A clandestine operation was conducted each night. Hundreds of worked were shipped into Taganskaya on, what was ostensibly, the last train for the day, to construct the bunker and undertake technical installations. At dawn the workers were simply shipped out on, what appeared to the general populous, the first trains for the day. And, the conclusion drawn from analysis of data captured by the spy planes was that the rubble being carried away was just from the renovations of the Station.

After about 40 years in 1995 and with the end of the Cold War the Command Point was decommissioned and closed.

In 2006 a Russian company paid the equivalent of $AUD20 million for the derelict, dusty and cobweb infested network of tunnels, out of date land line and radio communications systems, storage rooms, old supplies and, interestingly, stores of weapons.

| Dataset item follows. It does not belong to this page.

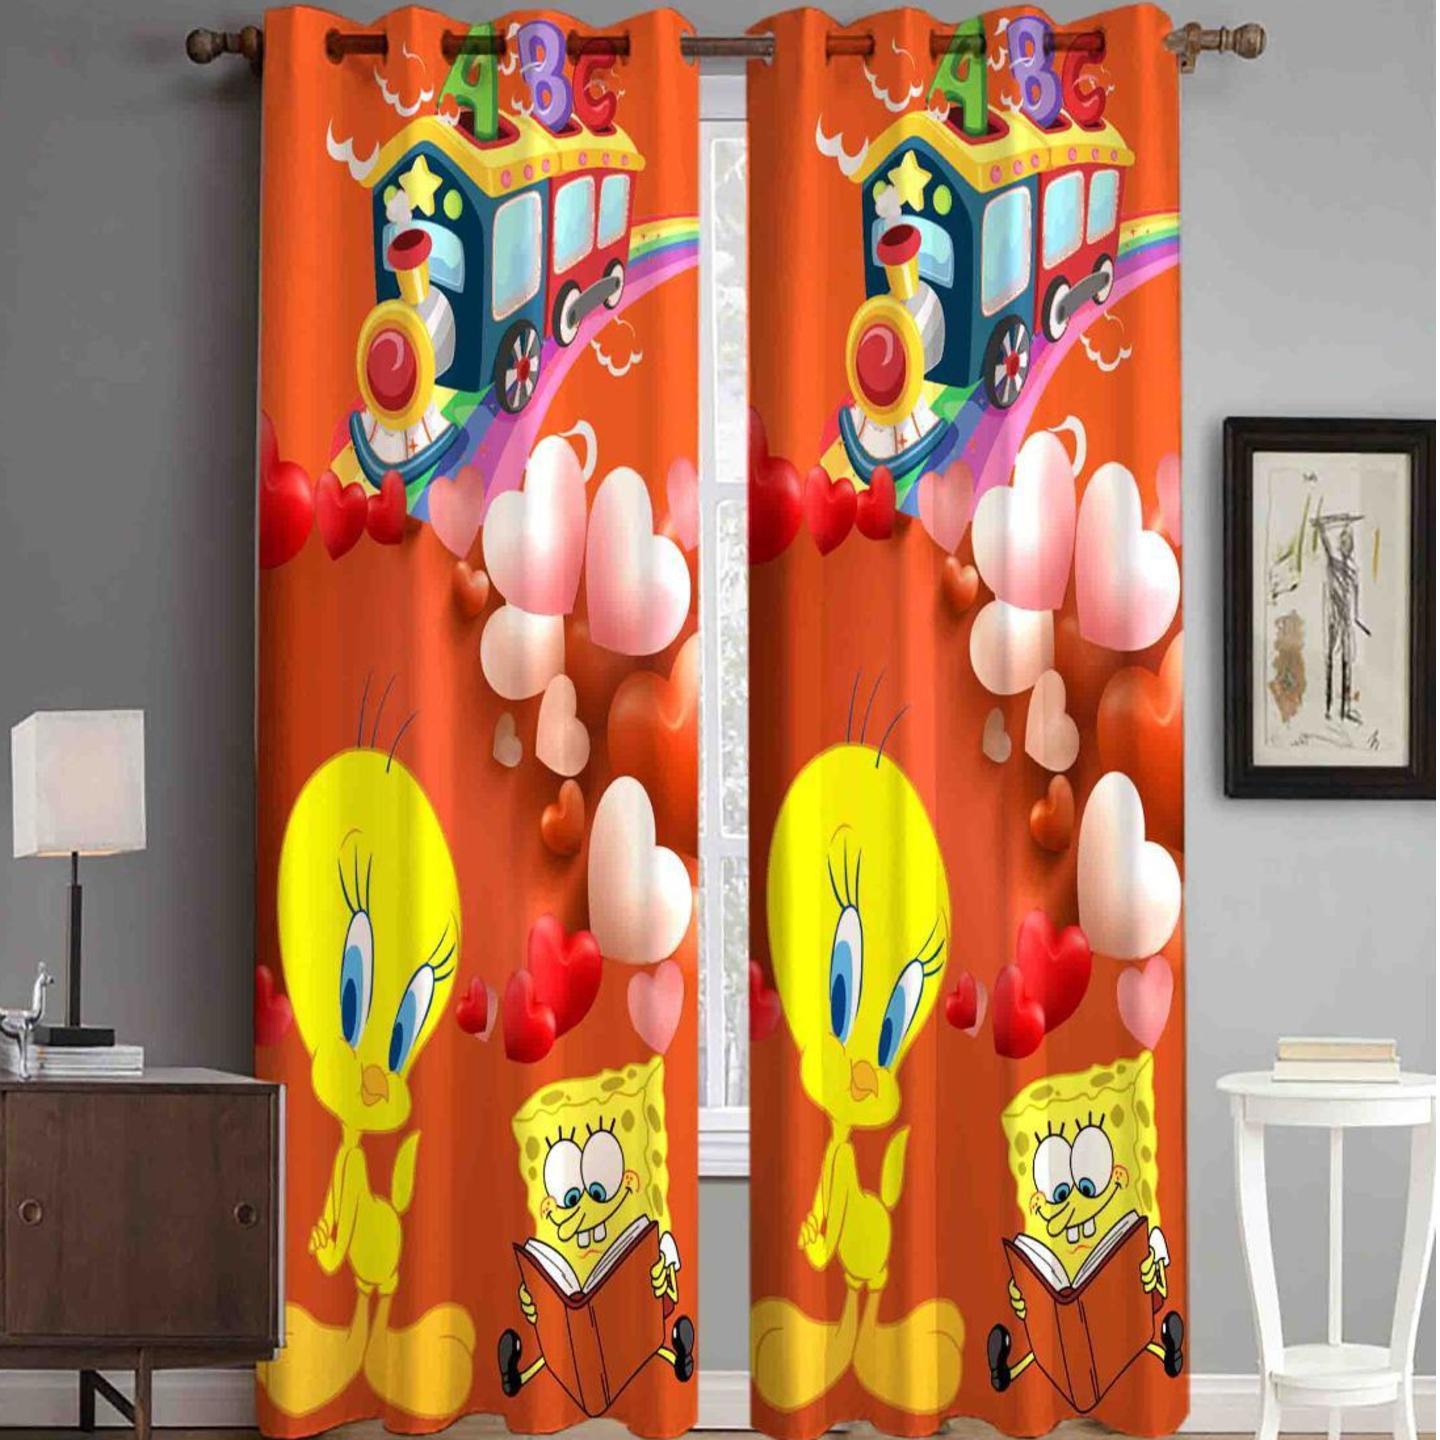 Handtex Home  Heavy Fabric Digital Printed Curtain for Kids Room Decorative, curtain for  Living Room Bedroom Home Office Decor Set of 2 (4x7)
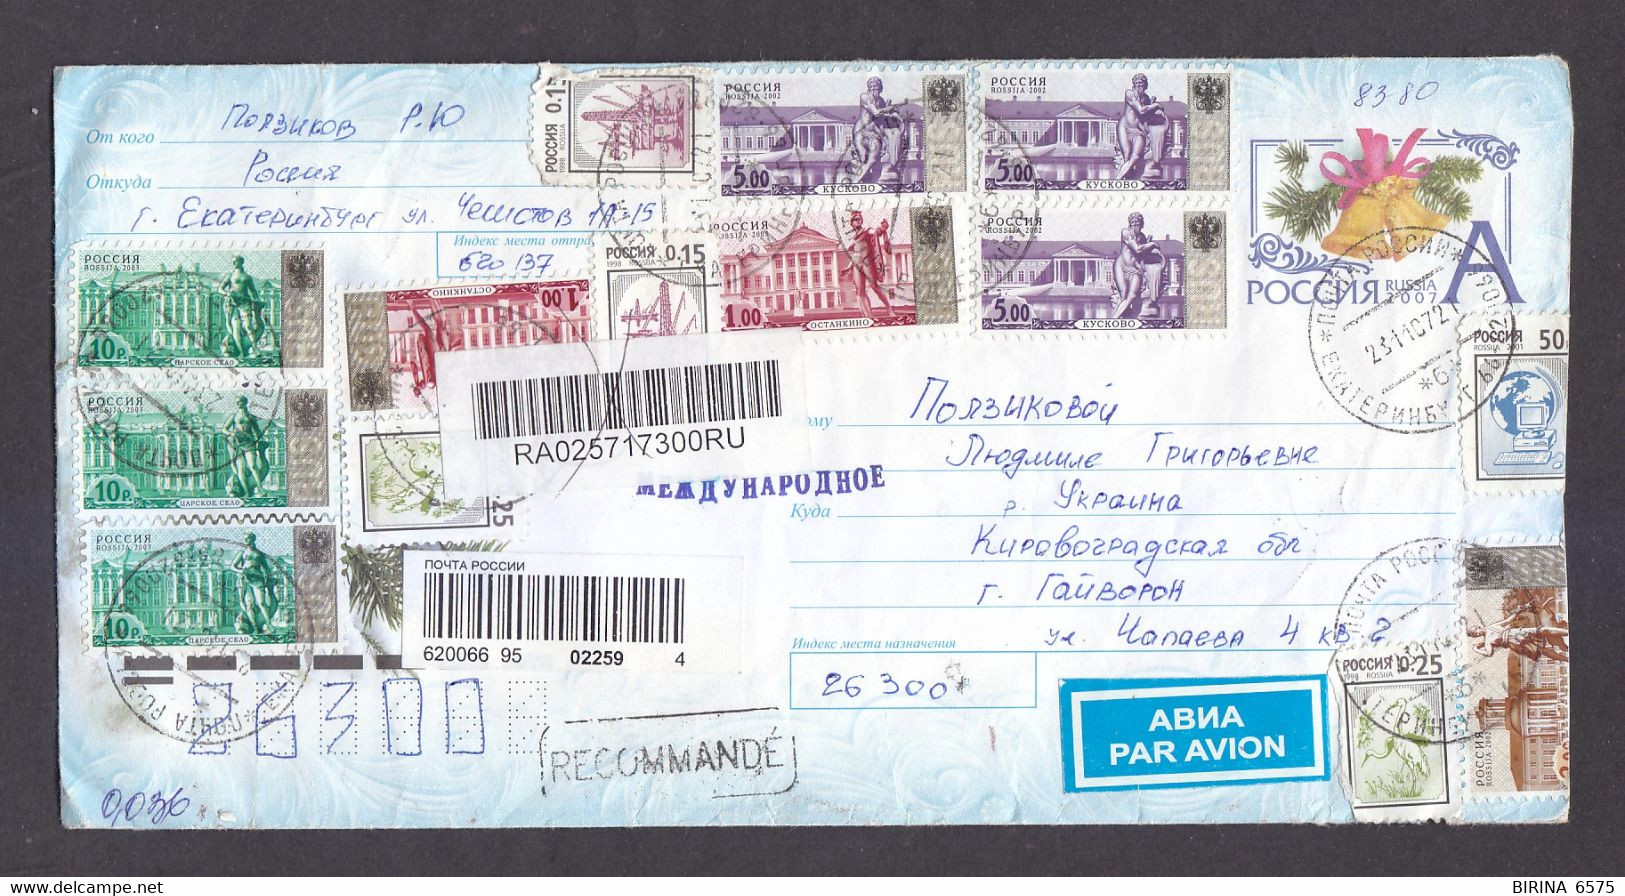 Envelope. RUSSIA. 2007. - 2-52 - Covers & Documents

A visitor is fitted out with replica survival gear from the bunker’s early days

 

Now known as Bunker 42 it is accessed by tourists via a nondescript doorway adjacent to a once school building. If you are up to it you can descend 288 steps or catch a high speed lift down to the bunker. After being met by guides decked out in KGB uniforms visitors are taken on a tour the telecommunications centre more or less how it appeared in its heyday. Documentary films of the era can be viewed. Particular note should be taken of the contradictory posters displayed on the walls with messages that describe Bunker 42 as “a symbol of the greatness of our Motherland…” at variance with “a memory of armament race futility…”.

To really get into the mood tourists can dress up in KGB uniforms and carry an AK47 or other decommissioned armament for souvenir photos.

Entry tickets (approximately $AUD35) need to be pre-purchased on the www.bunker42.com website.

Taganskaya Railway Station, Moscow: the West trickedinto not knowing what was going on below.